In simple terms, you would usually use it in place of a hash, except for data that you want to be able to access again at a later date.

I'll give you an example that I have used in real life.

A company approaches my company, and they want to use our services, which means we need to take their customers data, do some business stuff to it, and then give it back to them. Now, these customers are identified by a number, maybe it's a back account number, or a credit card number, or a social security number... what ever it is, they don't want my company to know what the number actually is, they just want to give us a unique identifier that we can both use to identify their customers.
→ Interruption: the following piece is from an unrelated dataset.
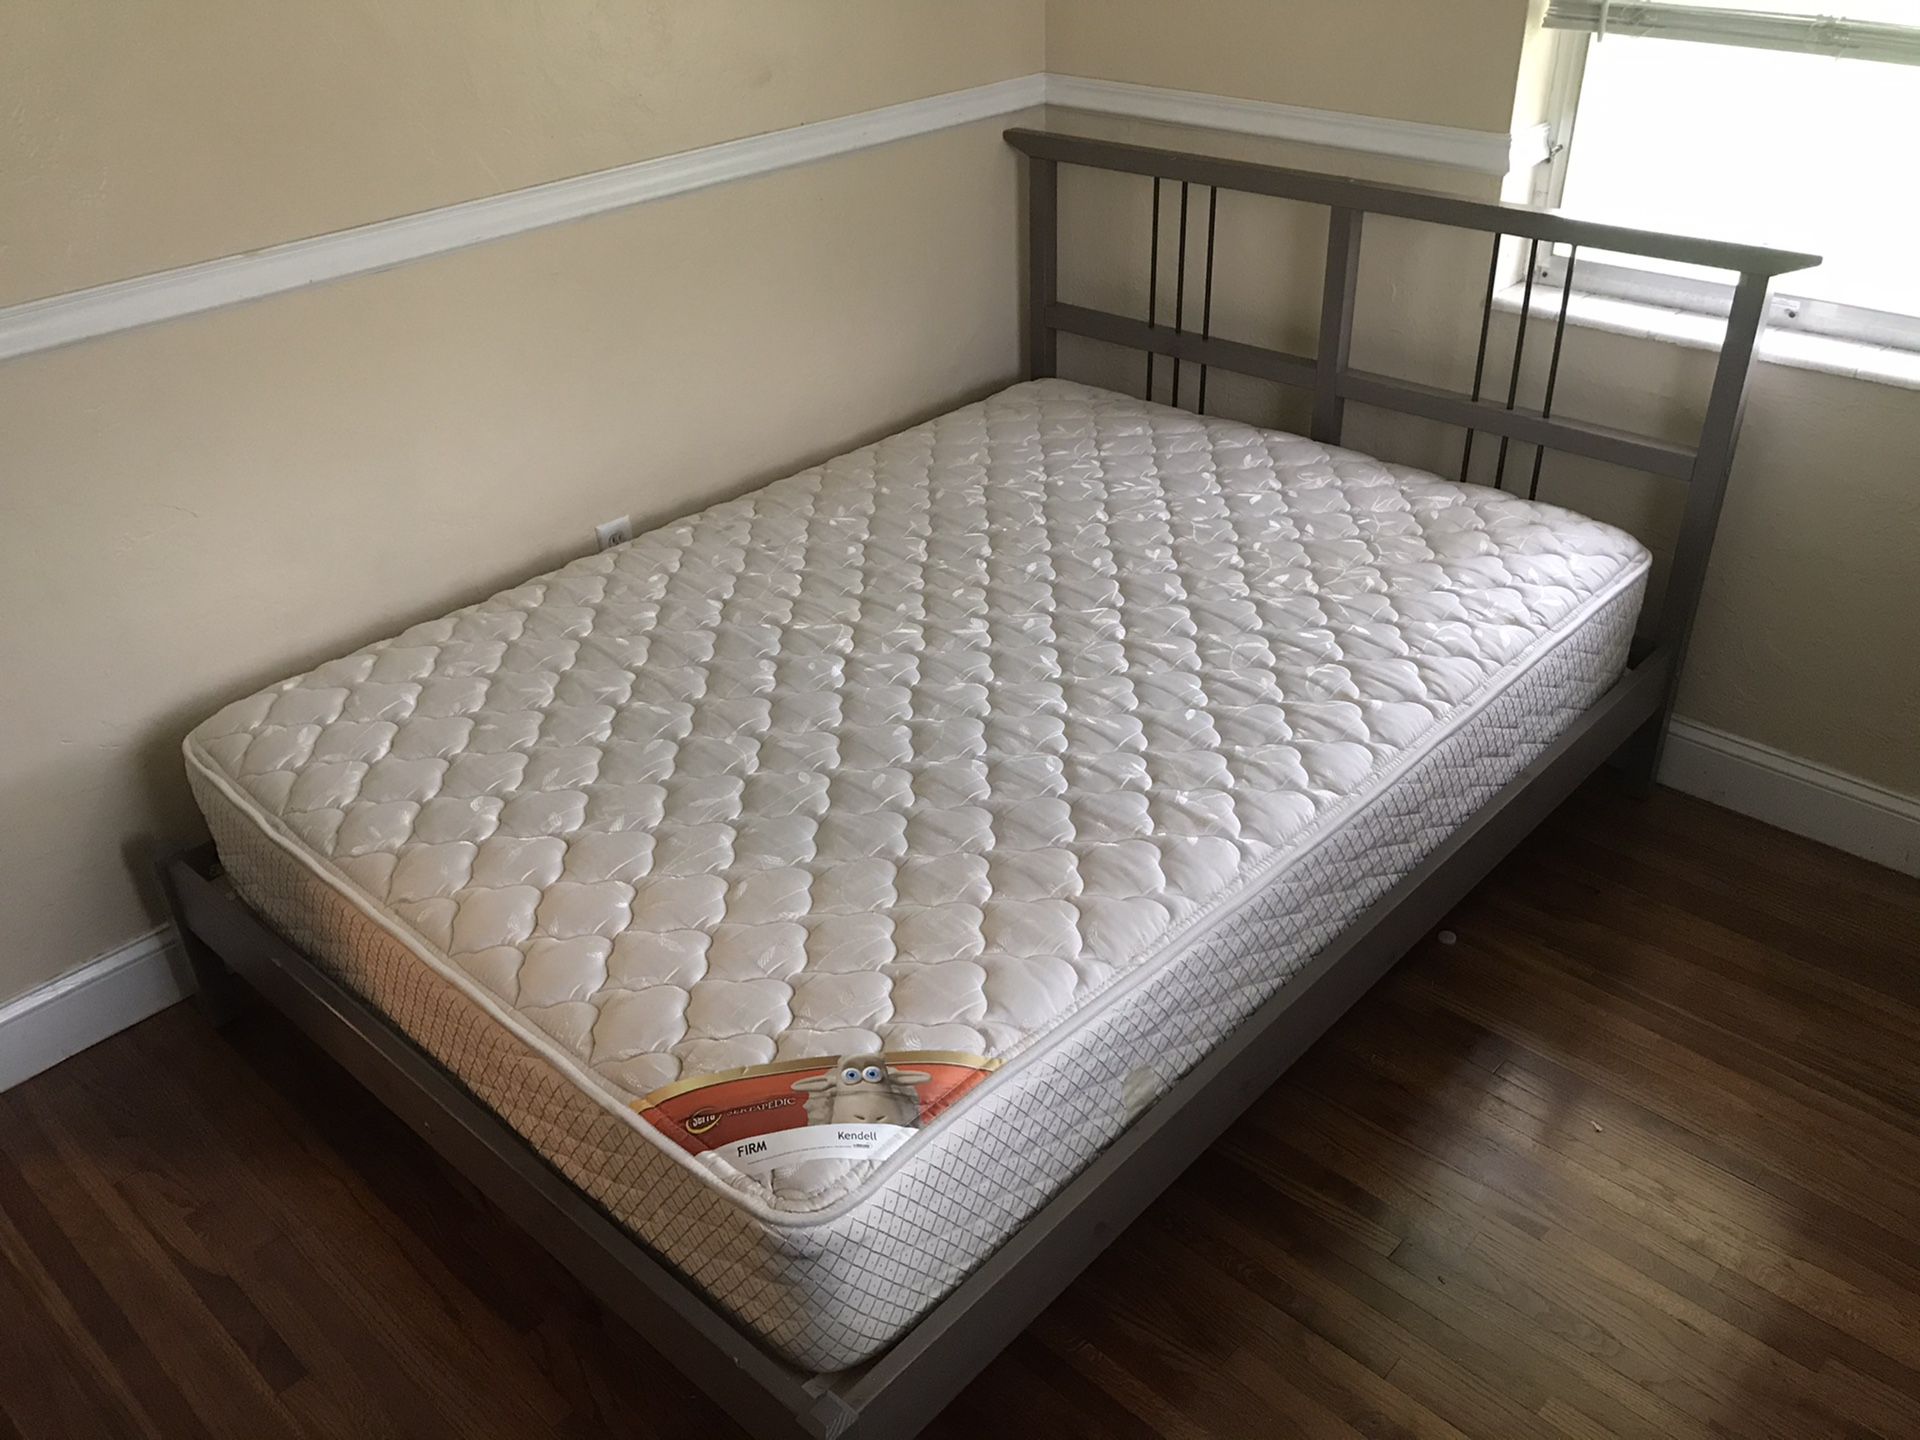 Full size IKEA Bed frame and mattress. Excellent condition used 1 month

So they give us a token instead. They create their own key to tokenize and detokenize the IDs. For instance if 1=G9 2=T4 3=H7... then the ID 123 = G9T4H7. They keep this key secret, so when the send us data about customer 123, all we know is customer G9T4H7. When we send them data back about customer G9T4H7, they know who we're talking about.

In reality, this can happen all very quickly and efficiently. In the scenario I described above, these customers were actually making online financial transactions that were routed through my system. The tokenization, processing and detokenization all took a matter of milliseconds.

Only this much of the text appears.